After plotting the changes in accuracy, the accuracy in the training set seems like that still can be improved a little bit by running with more epochs. However, there is a big gap between the training accuracy and validation accuracy. It means that our model might be **overfitting**.

**Evaluate ANN model in test set splitted from training data**

In [12]:
# Get probability return as results
ANN_test_pred = ANN.predict_proba(X_test)
# Get the maximum probability in the predicted results => the probability belongs to a specific class
ANN_test_pred = ANN_test_pred.argmax(axis = 1)
ANN.evaluate(X_test, y_test)

**The evaluation results shows the accuracy in test set is around 97%, and it can be the baseline for the prediction**

**CNN with Data Augmentation**

**Construct a CNN model with Data Augmentation to see whether the result can be improved because the ANN model might almost reach its capacity based on the accuracy plot**
* Before passing data to the CNN, the data require to be transformed to tensor
* We need to reshape the vector to (28, 28, 1) => it means the size of image is 28 * 28 with 1 color channel beacause it is grey-scale image

In [13]:
print(type(val_train))
print(type(X_train))
print(type(X_test))

In [14]:
X_train = X_train.values
X_test = X_test.values

# -1 means let reshape function decides the dimension by itself
X_train = X_train.reshape(-1,28,28,1)
X_test = X_test.reshape(-1,28,28,1)

# for validation data
val_train = val_train.values
val_train = val_train.reshape(-1,28,28,1)

# for test data
test = test.values
test = test.reshape(-1,28,28,1)
print('X_train: ' + str(X_train.shape))
print('X_test: ' + str(X_test.shape))
print('val_train: ' + str(val_train.shape))
print('test: ' + str(test.shape))

**Using ImageDataGenerator to complete the Data Augmentation**
* It will be helpful to increase our training examples and to fight with overfitting

In [15]:
datagen = ImageDataGenerator(
    # set smaller range for this to prevent misclassification like 6 and 9, 2 and 5
    rotation_range=0.1,
    width_shift_range=0.1,
    height_shift_range=0.1,
    zoom_range=0.2,
    fill_mode='nearest')

Fit the generator to the training data

In [16]:
datagen.fit(X_train)

In [23]:
# save memory
K.clear_session()

# Adjusting the learning rate during the process to enhance the convergency
LR_Adjust = ReduceLROnPlateau(monitor = 'val_loss',
                              patience = 2,
                              verbose = 1,
                              factor = 0.3,
                              min_lr = 0)

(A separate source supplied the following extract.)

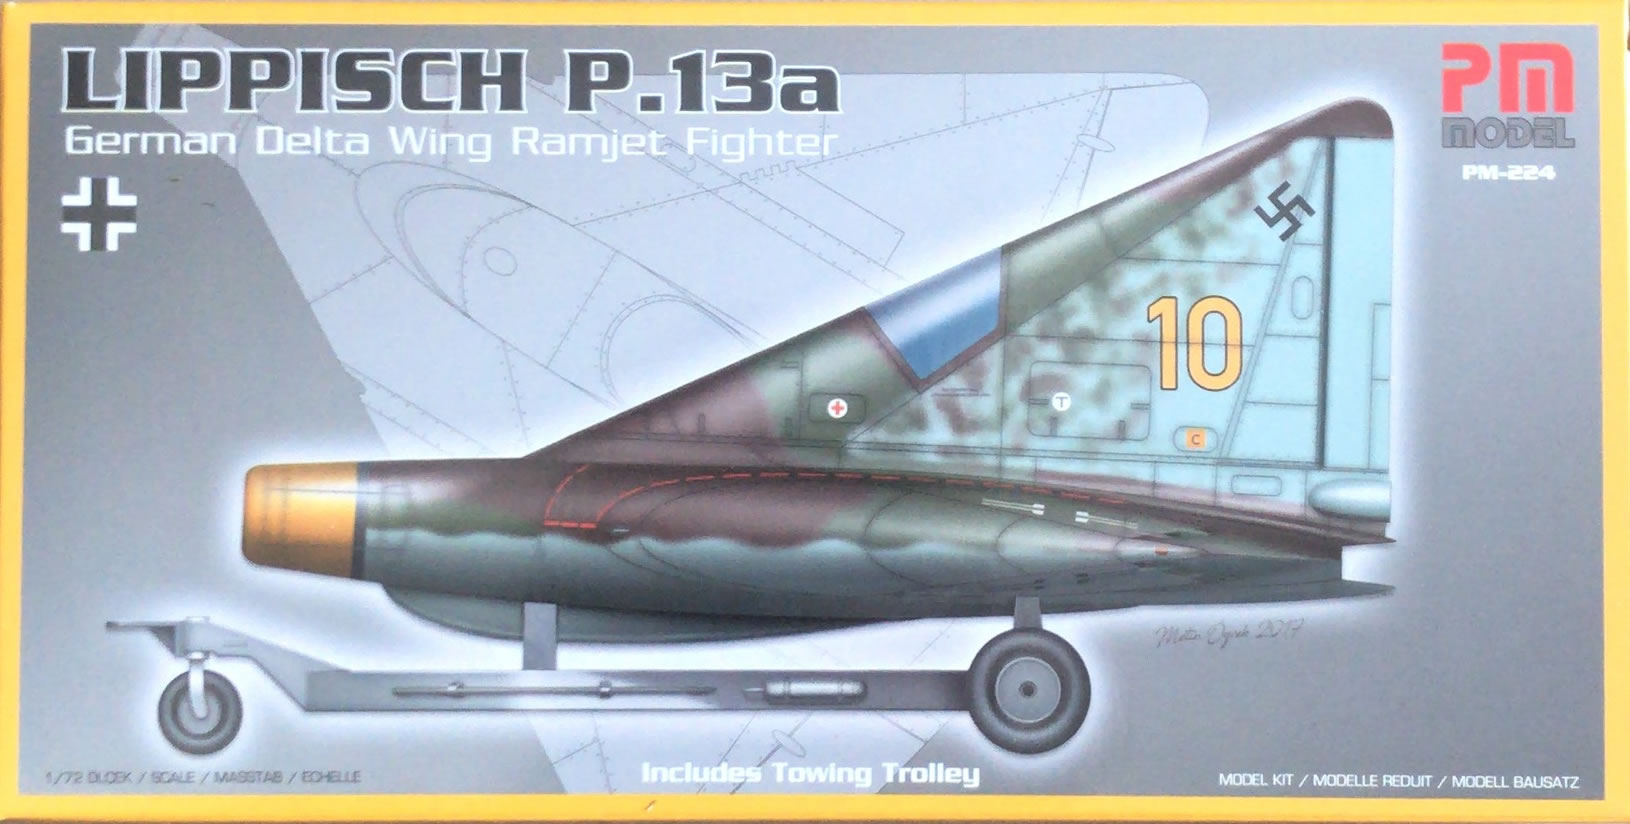 Lippisch P-13a

optimizer = optimizers.rmsprop()

CNN = Sequential()

CNN.add(Conv2D(filters = 32, kernel_size = (3,3), padding = 'same', activation = 'relu', input_shape = (28, 28, 1)))
CNN.add(Dropout(0.1))
CNN.add(MaxPool2D(pool_size = (2,2)))
CNN.add(Conv2D(filters = 32, kernel_size = (3,3), padding = 'same', activation = 'relu'))
CNN.add(Dropout(0.1))
CNN.add(MaxPool2D(pool_size = (2,2)))

CNN.add(Conv2D(filters = 64, kernel_size = (3,3), padding = 'same', activation = 'relu'))
CNN.add(Dropout(0.1))

CNN.add(Conv2D(filters = 64, kernel_size = (3,3), padding = 'same', activation = 'relu'))
CNN.add(MaxPool2D(pool_size = (2,2)))
CNN.add(Dropout(0.05))

CNN.add(Flatten())
CNN.add(Dense(512, activation = 'relu'))
CNN.add(Dense(256, activation = 'relu'))
CNN.add(Dense(128, activation = 'relu'))
CNN.add(Dense(10, activation = 'softmax'))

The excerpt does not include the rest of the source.